In Foundry, aggregations usually involve performing a shuffle exchange on the dataset (i.e., partitioning the dataset) according to the aggregation key. When reading from a projection that is hash-bucketed (which is the case for all join-optimized projections, but may not be the case for a filter-optimized projection), consumers can avoid this shuffle, which can lead to dramatic performance improvements during aggregations. A primary key expectation check on a dataset that is updated incrementally in an append-only fashion is a case where a projection (on the primary key columns) is especially beneficial, both because of the compaction performed by the projection and because of the fact that the hash-bucketing of the projection can be leveraged in the aggregation used to compute the expectation.
Incremental pipelines can result in very high file counts, and correspondingly degraded read performance. For example, a pipeline that writes ten partitions every five minutes will write over a million files per year. These are difficult to read for many reasons, including such things as simply producing the list of input partitions.
Projections provide a way to compact incremental pipelines such as these transparently. Just set up a projection, optimized for either filters or joins, and reads will use the projection. Learn more about using projections for incremental pipelines.
Note that consumers can still take advantage of the filter or join optimizations of the projection, even if the projection is not fully up-to-date with the canonical dataset, as long as there were no SNAPSHOT or DELETE transactions (or UPDATE transactions that modified existing files) on the canonical dataset between the latest transaction at the time that the projection was last built and the current latest transaction on the canonical dataset.

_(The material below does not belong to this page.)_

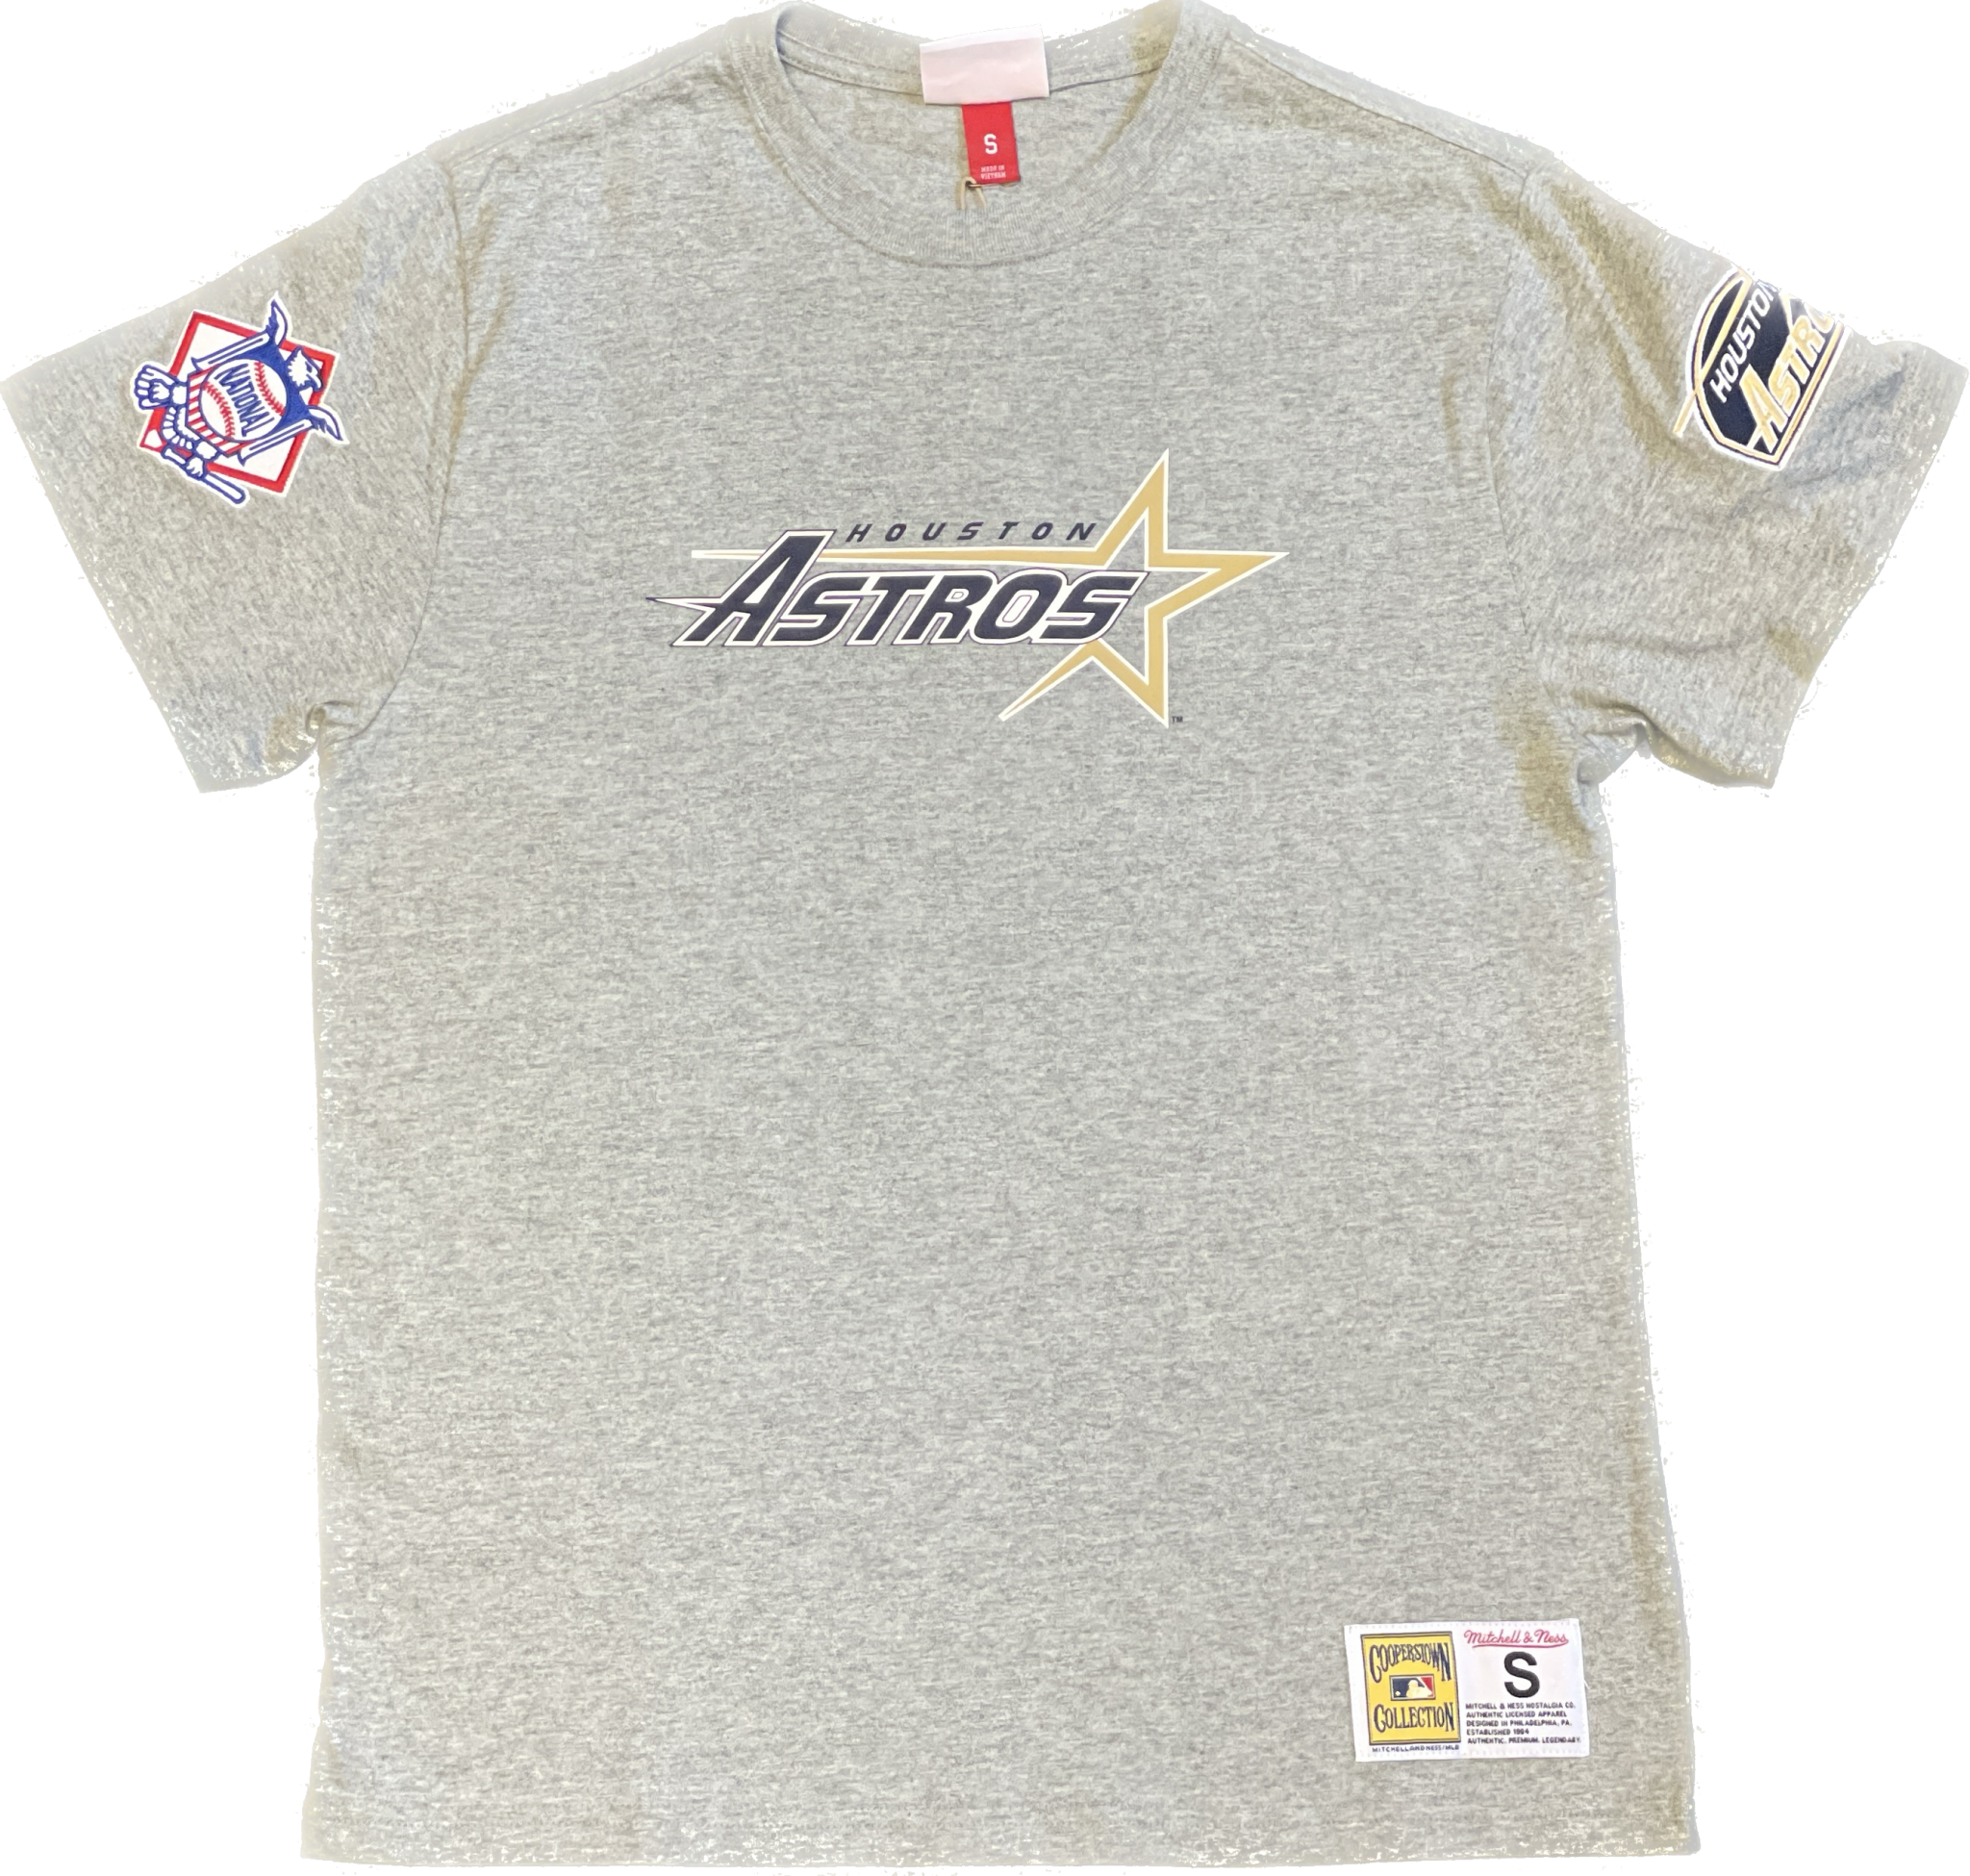 Astros Team Store, Authentics

CSV is an inefficient file format for querying data, but it is common for data that is uploaded to Foundry (via Data Connection from a file system source, manual uploads, etc.) to initially be in CSV format. Creating a transform job is one way to convert these CSVs to a more efficient format such as Parquet. Alternatively, you can add a projection; read operations will use the optimized projection for better performance, while the dataset still contains the original CSV files.